**About this task**
From the line containing "002 Frightening Rsvp" through the end of the material below, output each line exactly as written, with pictures excluded.

**Given material**
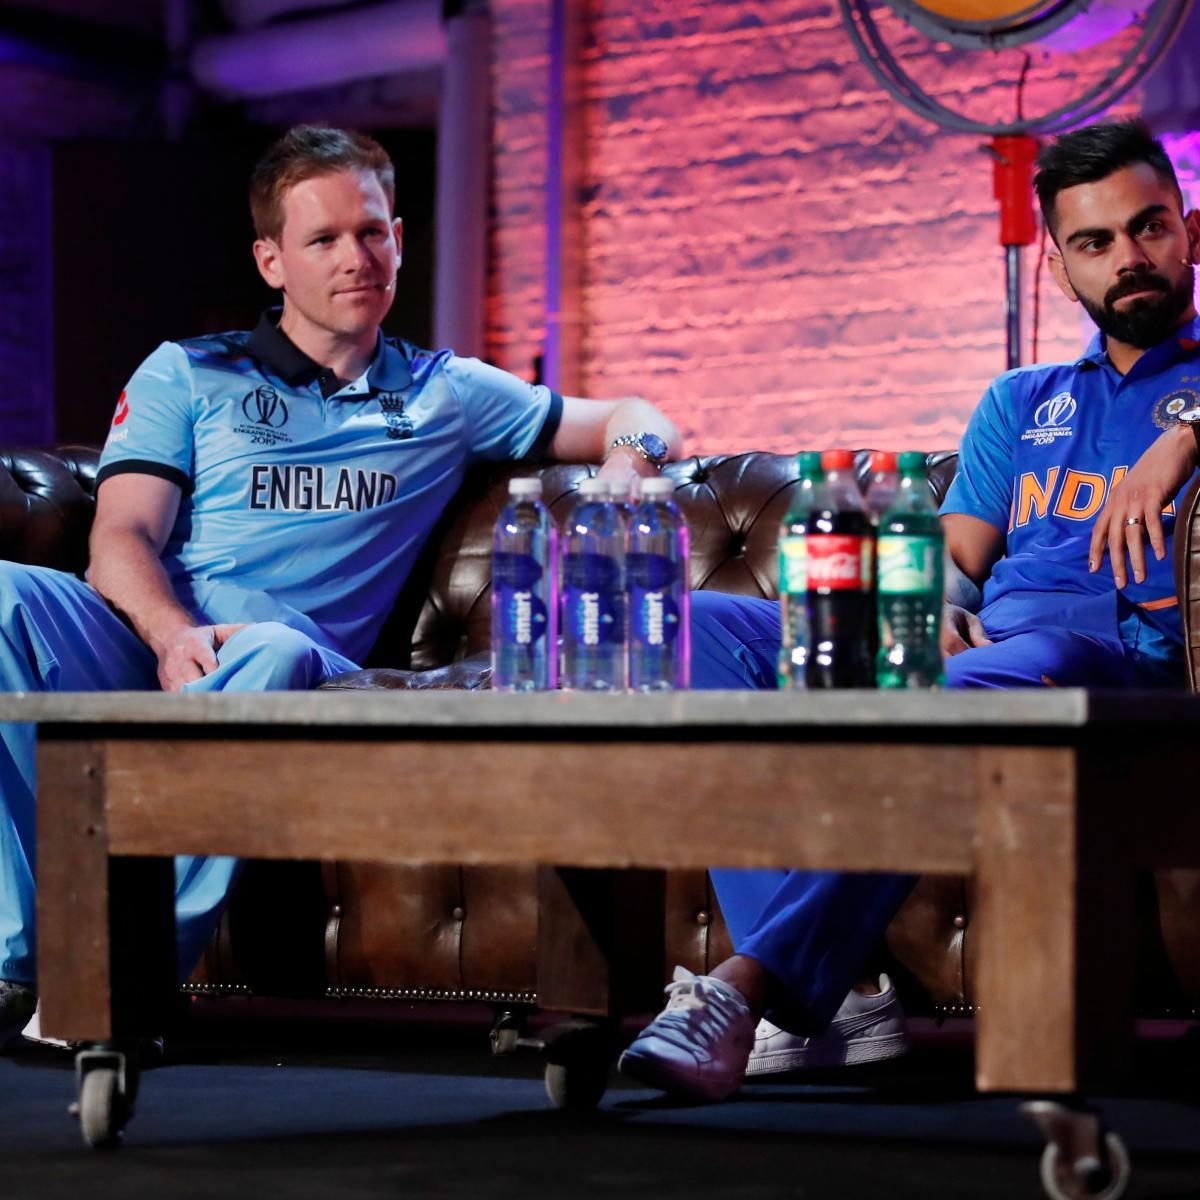 Cricket World Cup 2019 Fixtures Tables Tv Schedule
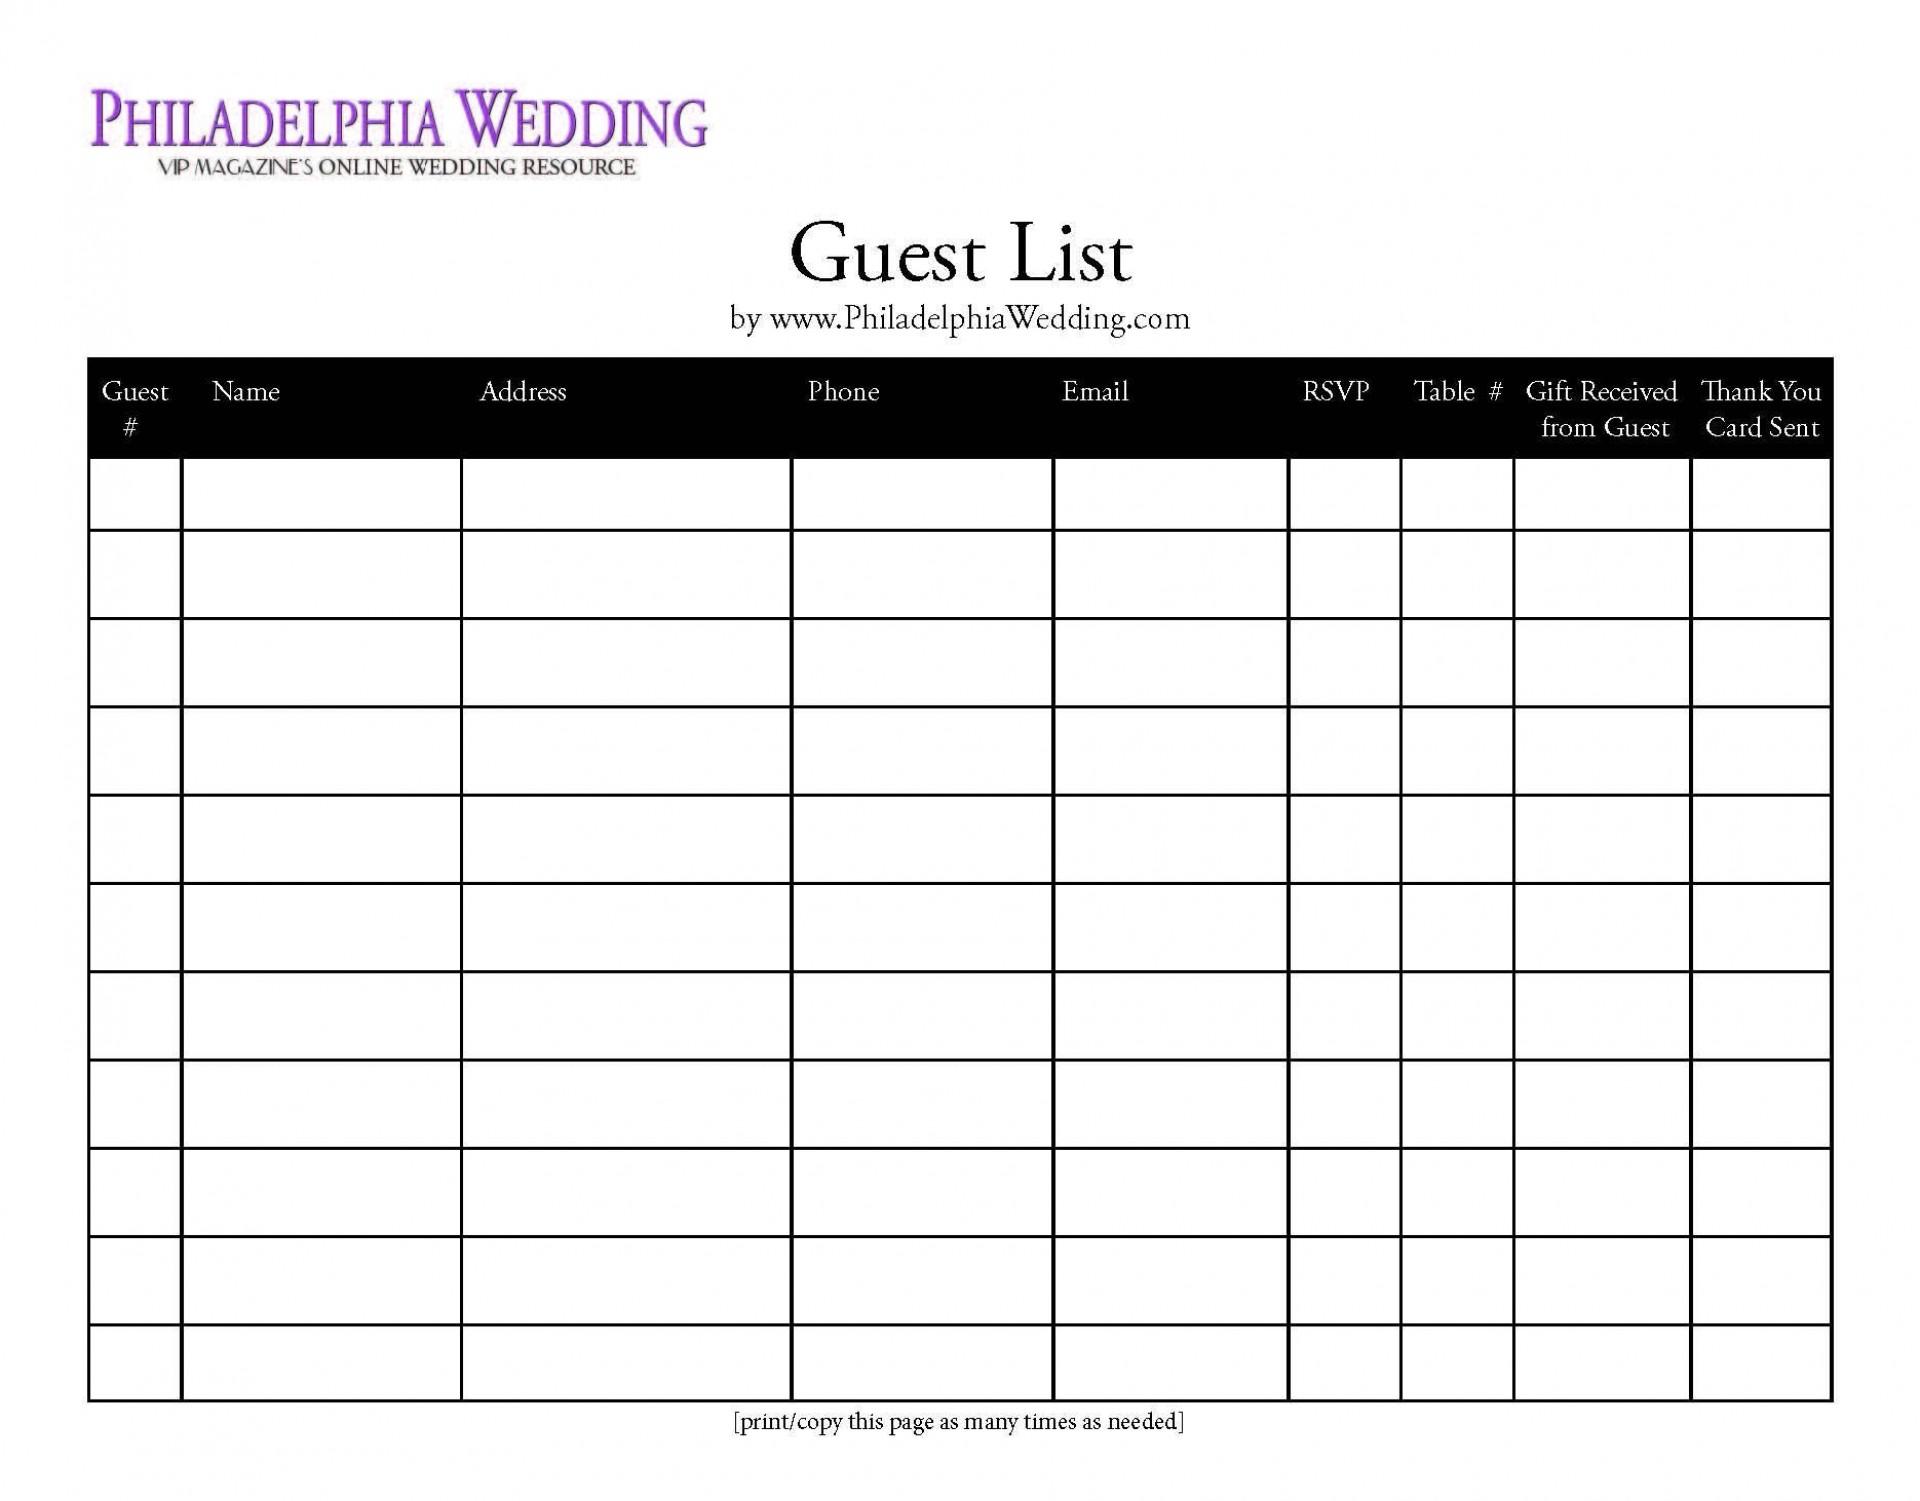 002 Frightening Rsvp Guest List Template Excel High Resolution 1920
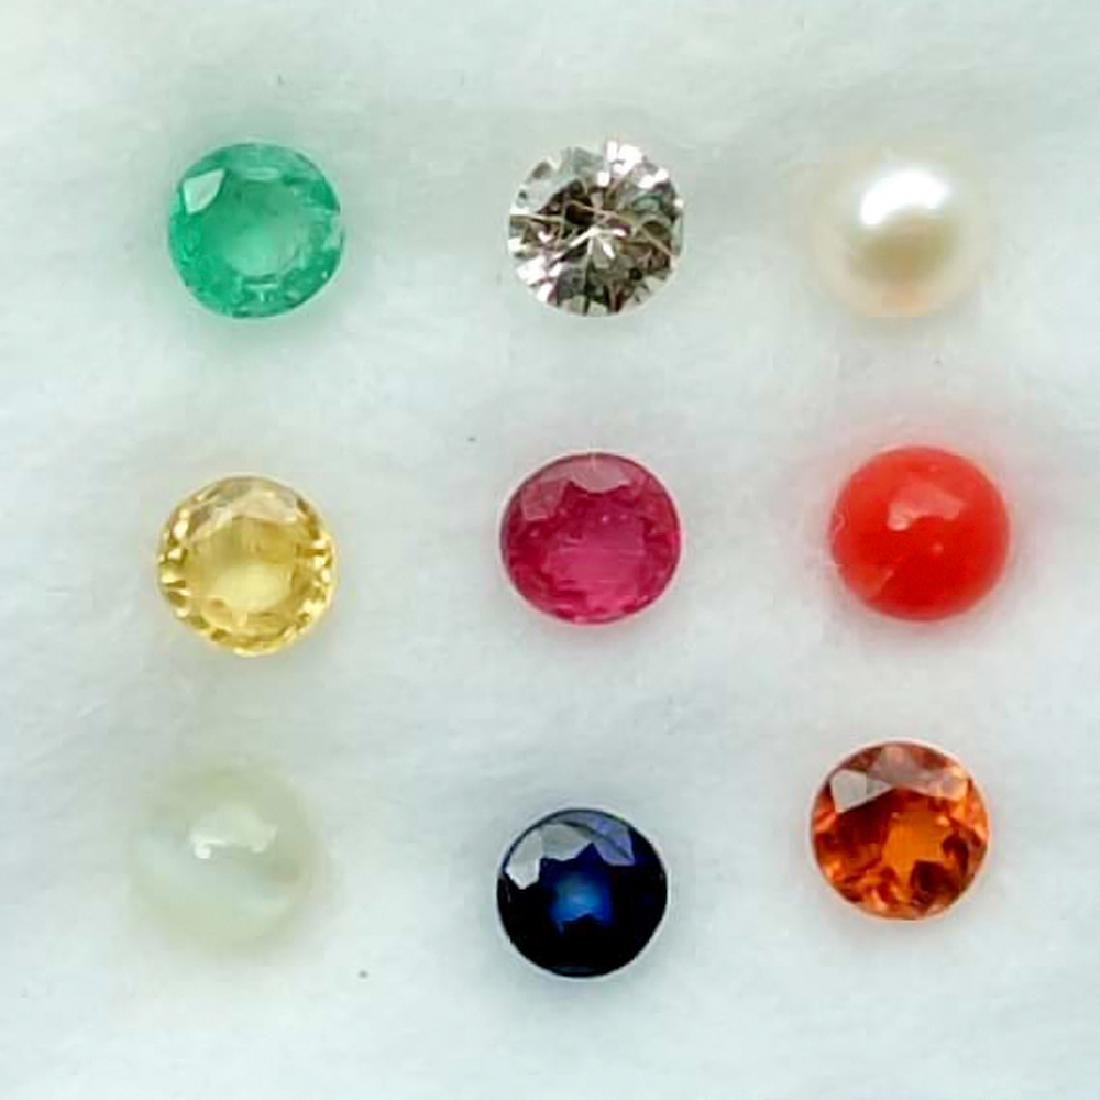 Calibrate 3.0 mm Round Natural Navratna 9 Gemstones Set - 2

**Problem solution**
 002 Frightening Rsvp Guest List Template Excel High Resolution 1920
 Calibrate 3.0 mm Round Natural Navratna 9 Gemstones Set - 2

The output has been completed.